## Task to complete
The required output is the lines from the one with "Cortège présidentielle des" through the end of the data, repeated verbatim, with no pictures included.

## Data shown
+ + +
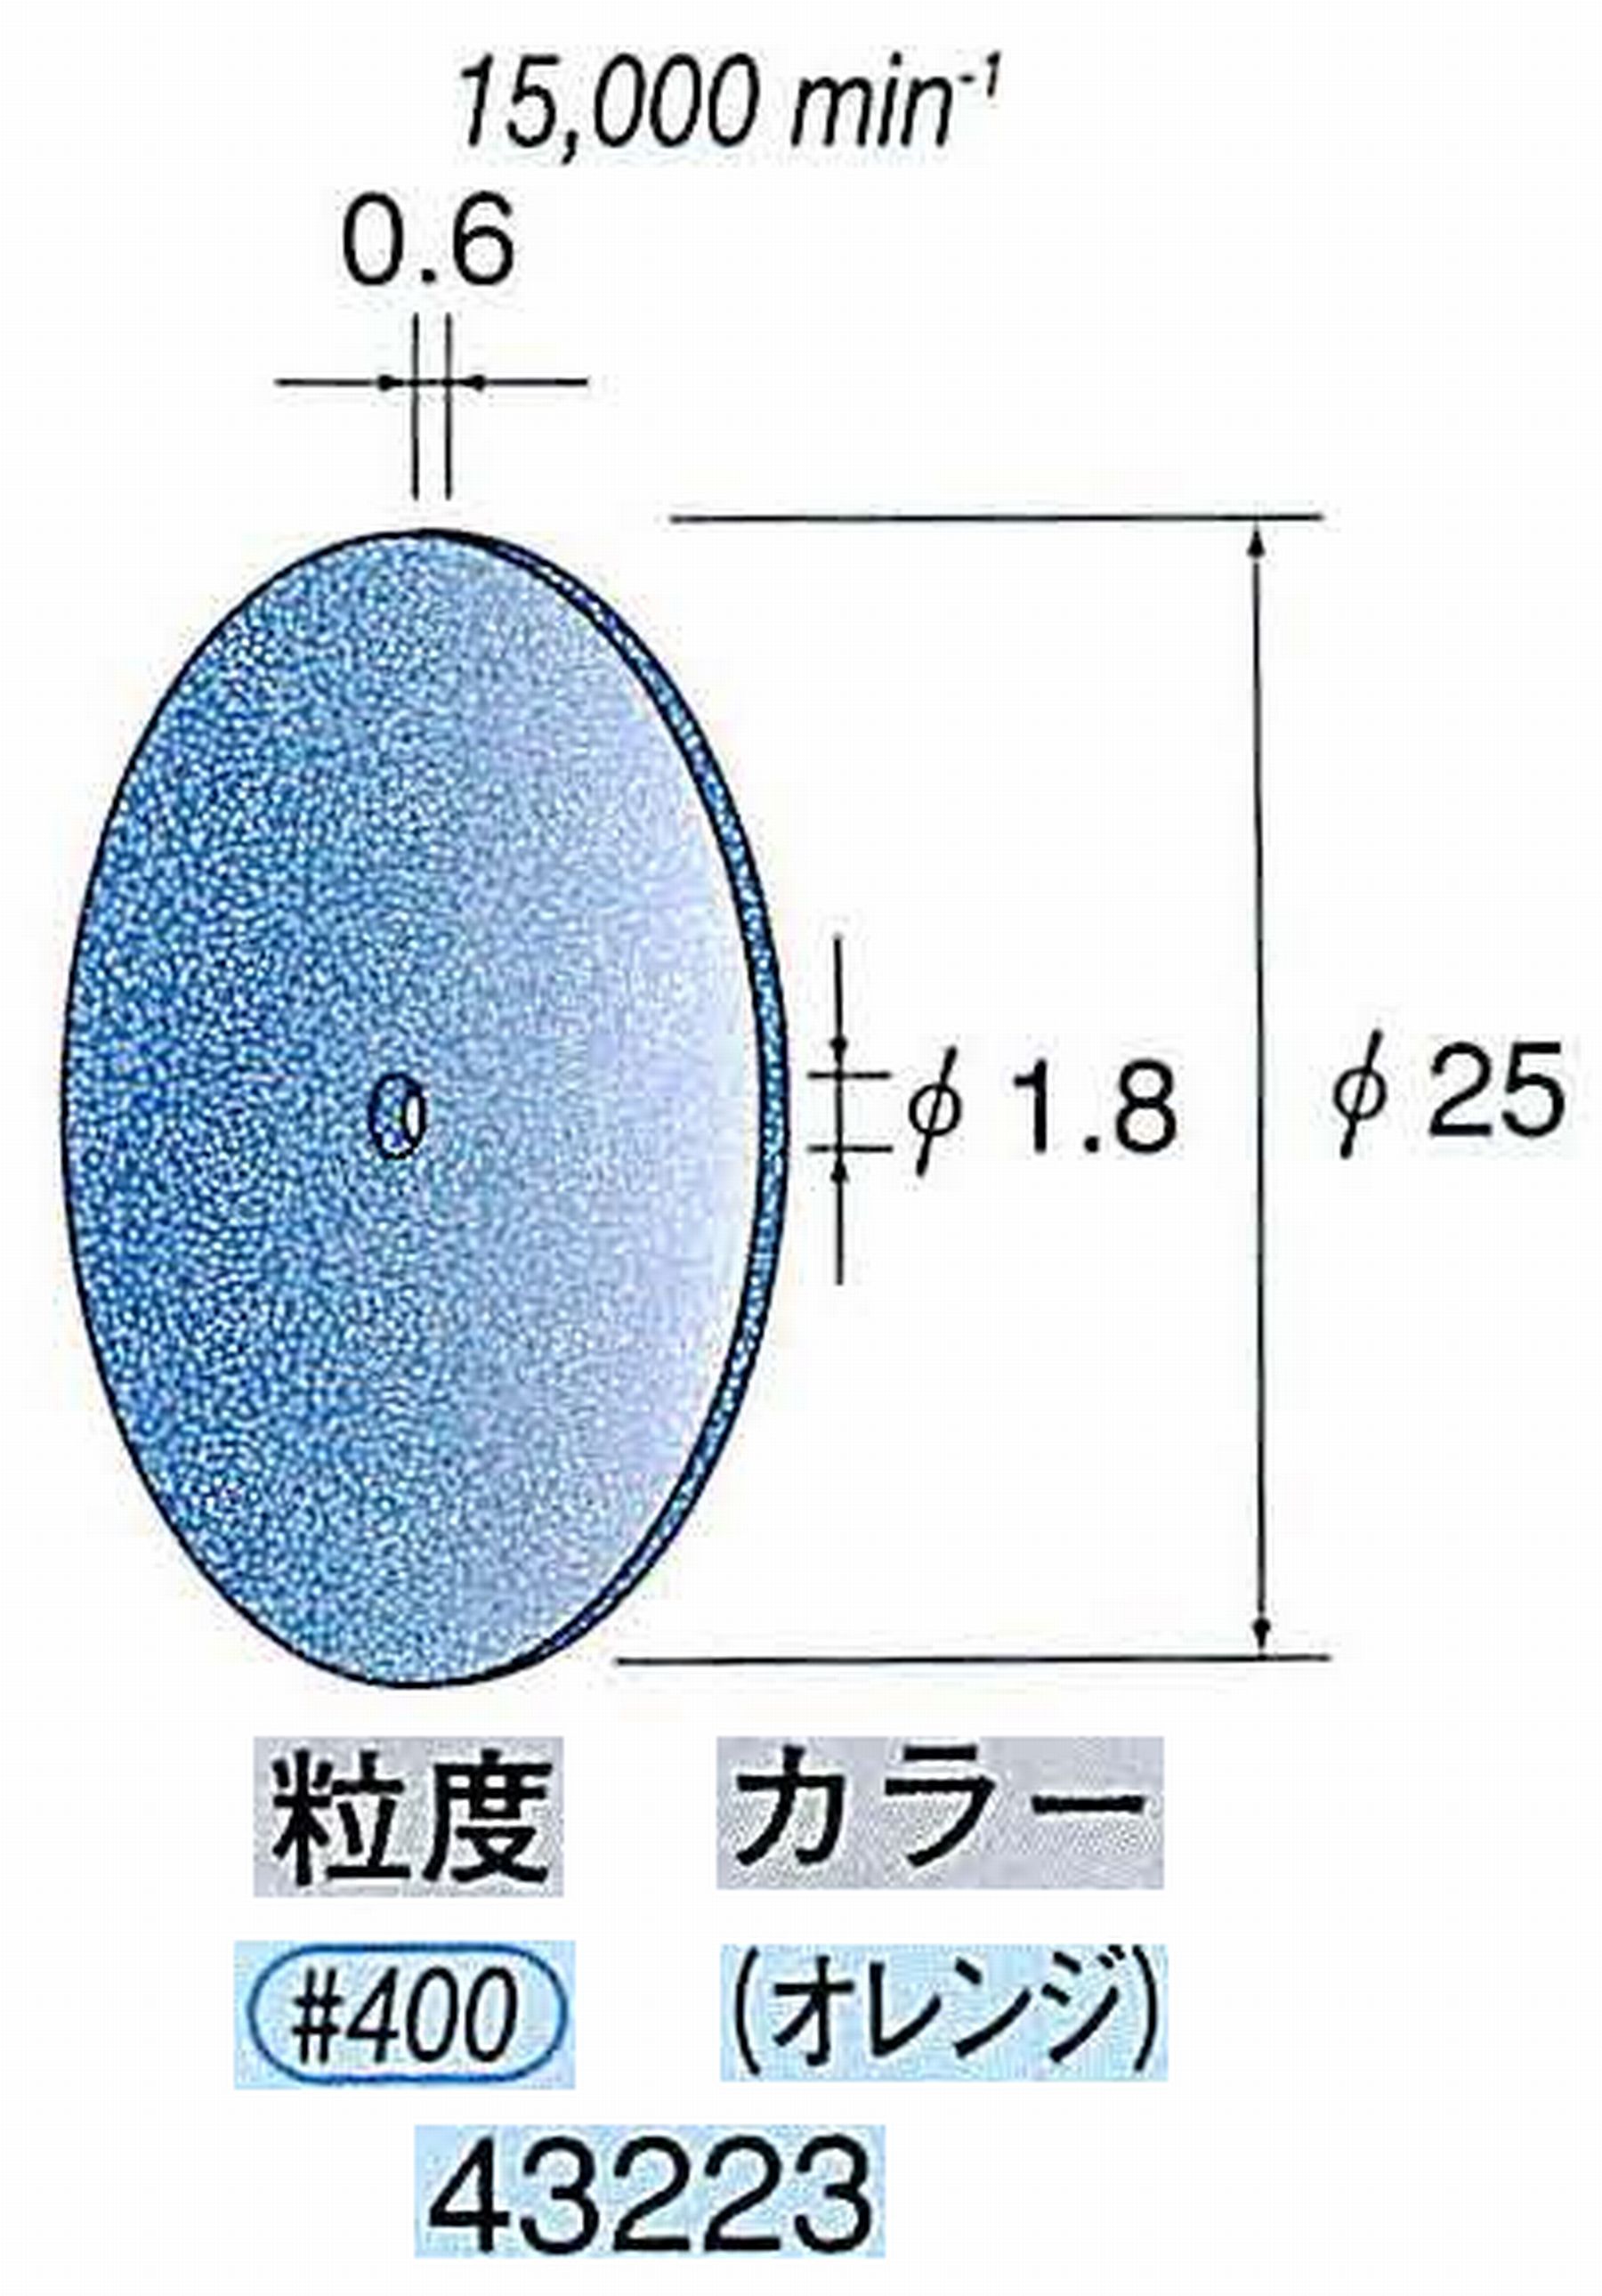 ナカニシ/NAKANISHI セラファイバー砥石ディスク(カラー オレンジ) 43223
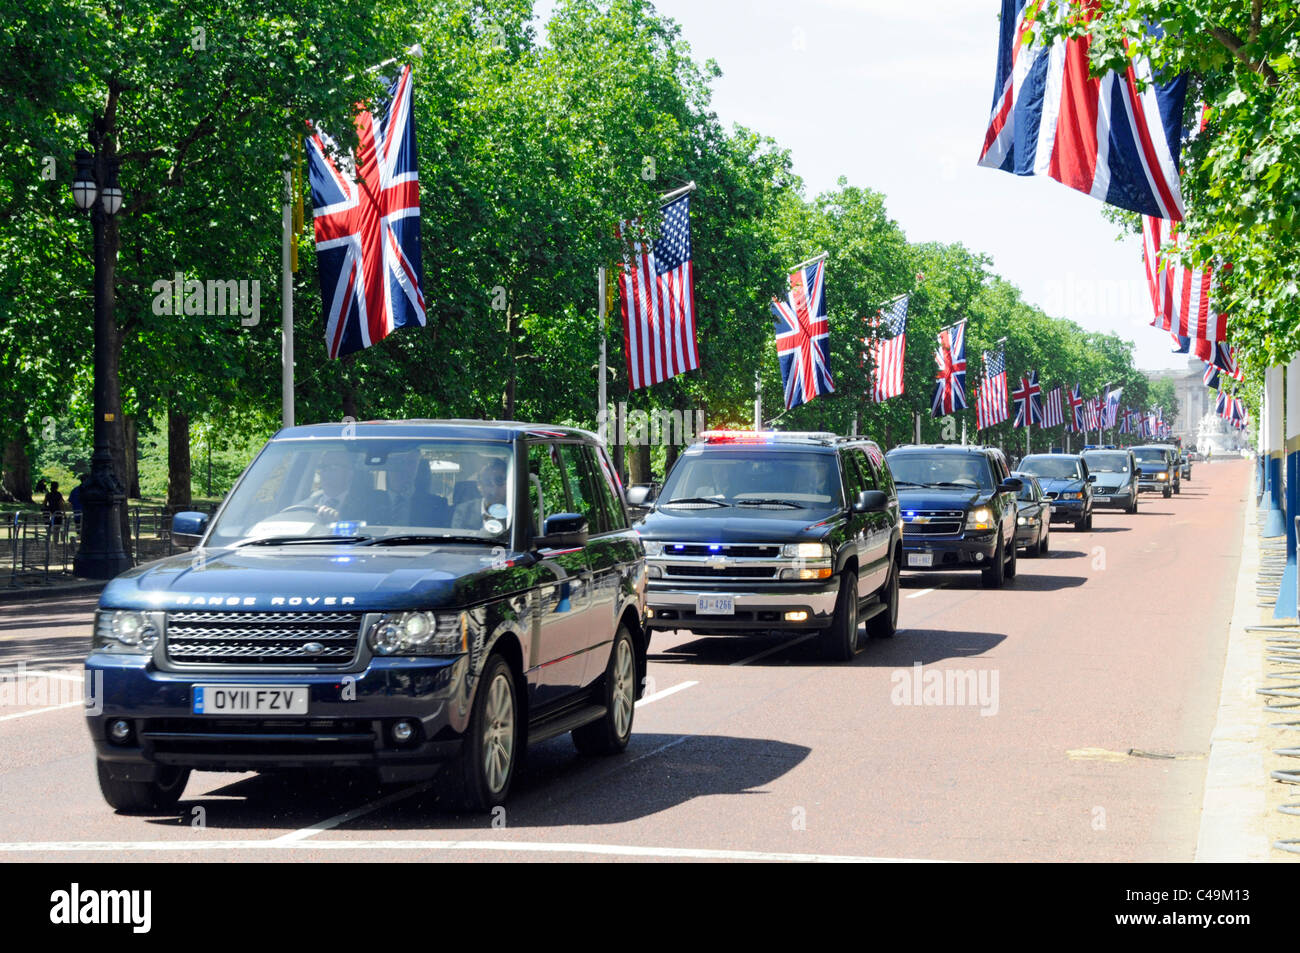 Cortège présidentielle des gardes de sécurité du Royaume-Uni et des États-Unis dans le Durant la visite du président américain Obama, le centre commercial a un drapeau de l'Union Drapeaux américains Londres Angleterre Royaume-Uni Banque D'Images
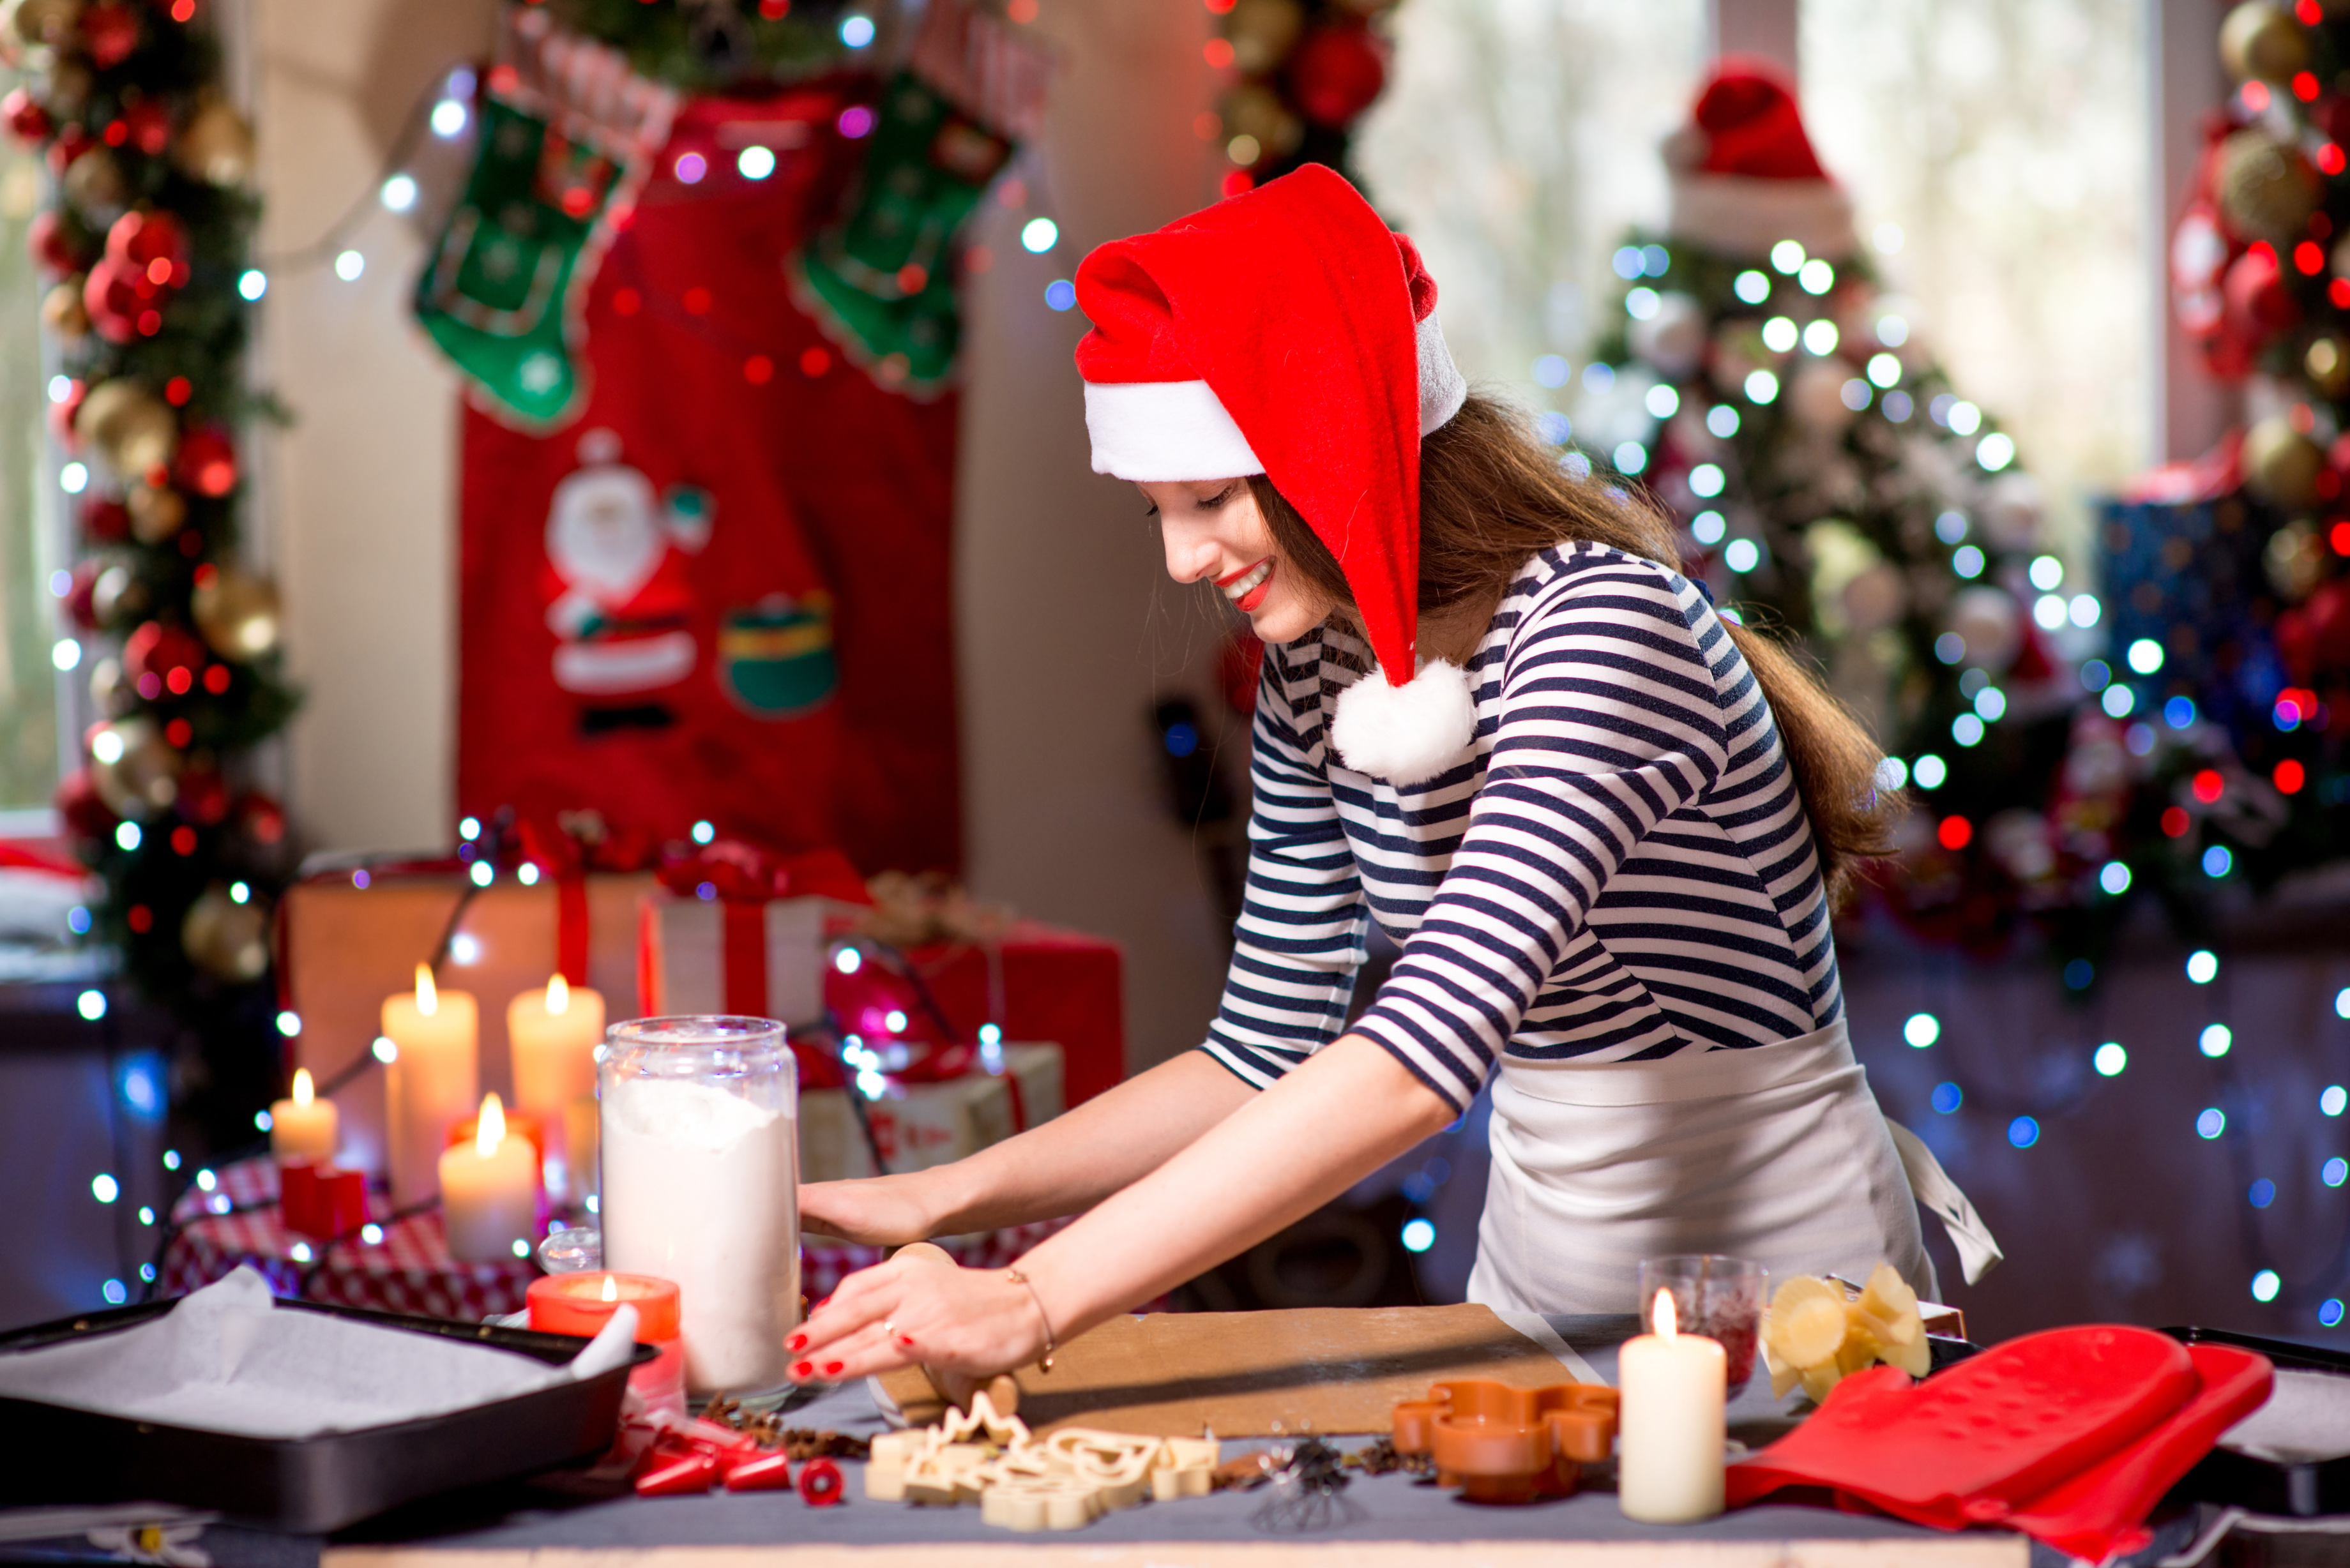 ¡Vuelve a casa por Navidad! y demuestra todo lo que has aprendido ¡Hay un chef dentro de ti!
+ + +
## Exercise result
 Cortège présidentielle des gardes de sécurité du Royaume-Uni et des États-Unis dans le Durant la visite du président américain Obama, le centre commercial a un drapeau de l'Union Drapeaux américains Londres Angleterre Royaume-Uni Banque D'Images
 ¡Vuelve a casa por Navidad! y demuestra todo lo que has aprendido ¡Hay un chef dentro de ti!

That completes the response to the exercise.